Last week, we left my in-law's and arrived in New York late Sunday night and I didn’t even bother trying to put together a meal plan for that week. It was harder and I got lazy. I can make dinner for J and myself no problem, but I’m unmotivated to plan, prepare, or make work lunches. So I end up buying lunch, either a giant salad, soup and half sandwich, or a slice of pizza. It fits into the meal plan, but it’s expensive and repetitive.

$3.50 for a yogurt?

This week I was ready to actually make lunch and save some money, so yesterday I made a bunch of stuffed peppers with turkey, kidney beans, and rice. Easy and a one-dish meal. There are so many other things I want to make over the coming weeks, especially with how cheap some things are in the summer. I’m also planning pesto with sole, frittatas, and maybe see how far I can get before ruining a souffle.

Here’s the tentative Week Six menu, though Sunday is already gone.

SundayMondayTuesdayWednesday ThursdayFridaySaturday
Breakfast CoffeeCoffee, yogurtCoffee, yogurtCoffee, oatmealCoffee, oatmealCoffee, yogurtCoffee
LunchPizza on easy homemade crustStuffed peppers: turkey & rice Veggie burgerStuffed peppers: turkey & rice Stuffed peppers: turkey & rice Stuffed peppers: turkey & rice TBD
DinnerLoaded baked potatoBurrito or taco saladTBDPizza, broccoliTBDChicken, potatoes, Brussels sprouts
SnacksCereal, cherries, turkeyCherriesStrawberries, cheeseStrawberries, cheese

Dinners are mostly left blank because I usually make whatever I'm in the mood for. Rest assured, I eat healthy and blog-worthy dinners such as hot dogs and baked potatoes. I’m aiming to cook vegetables more often.

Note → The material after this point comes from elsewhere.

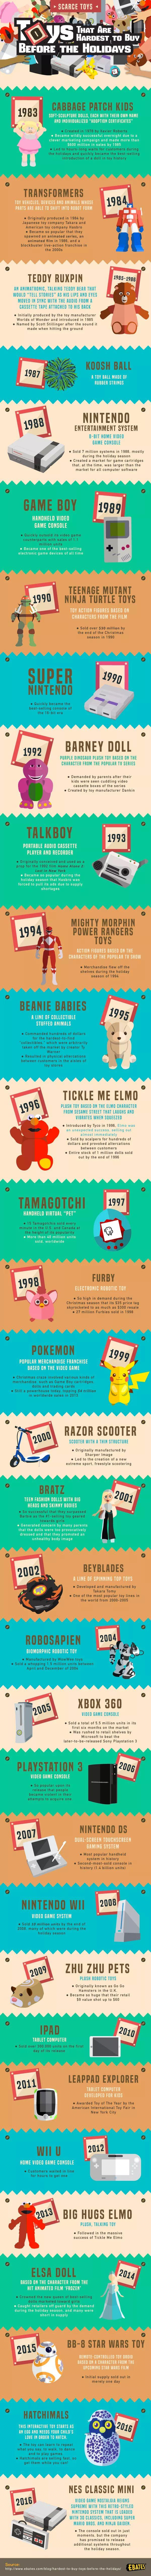 Popular toys on Pinterest

Just a couple more weeks until I can officially look at the numbers. I’m hoping to be out of the 180s when August 5th arrives, but we’ll see. Generally, my first big along-the-way-goal is 170 - that’s when my face looked "normal," and many of my now too-tight clothing items are from that weight. One-seventy is also only about thirty or forty pounds above my goal weight, which somehow manages to feel infinitely closer than the current (at last look) fifty or sixty I have left to go.

Wednesday, July 9, 2014

Office Cake vs. Home Cake

Alright, moving on. Fine, those were a couple of harder weeks. While I did much better than I would have normally, I still didn’t do as well as I wanted. This has been a new week, a normal week, and I’ve dived right back into our gym/food tracking routine. Maybe some habits are getting more ingrained. We’re now in week five, steadily plugging along.

But I did realize some interesting things as I was shoving cookie dough in my mouth this past Saturday night. There is another dimension, so to speak, about the default settings I’m trying so hard to change - where I am.

Part of the reason this past week or two was a bit more challenging in terms of food is that we spent over half of it out of the house - first at my parent’s place, then at my MIL’s in Michigan. All of the not-as-great days happened there. It goes without saying that whatever I ate was my choice and I cannot blame anyone else for the occasions I ate too much.

I’m still working on leaning towards saying no when food is offered. In terms of work treats, I’ve made great progress - no bagels at the office breakfast, no cake at the farewell parties (except for that chocolate cake), none of the treats that co-workers randomly bring in. And it really is true that nobody cares whether or not I eat it or why, so I’ve stopped feeling self-conscious.

Oh no, it's fine. Come on in!

As I was eating that cookie dough and vaguely thinking how perhaps I should stop, I realize I probably wouldn't be doing this at home. It’s the setting as much as the actual treat that influences how good I am at turning it down (or, alternatively, deciding that the treat is worth it and enjoying some).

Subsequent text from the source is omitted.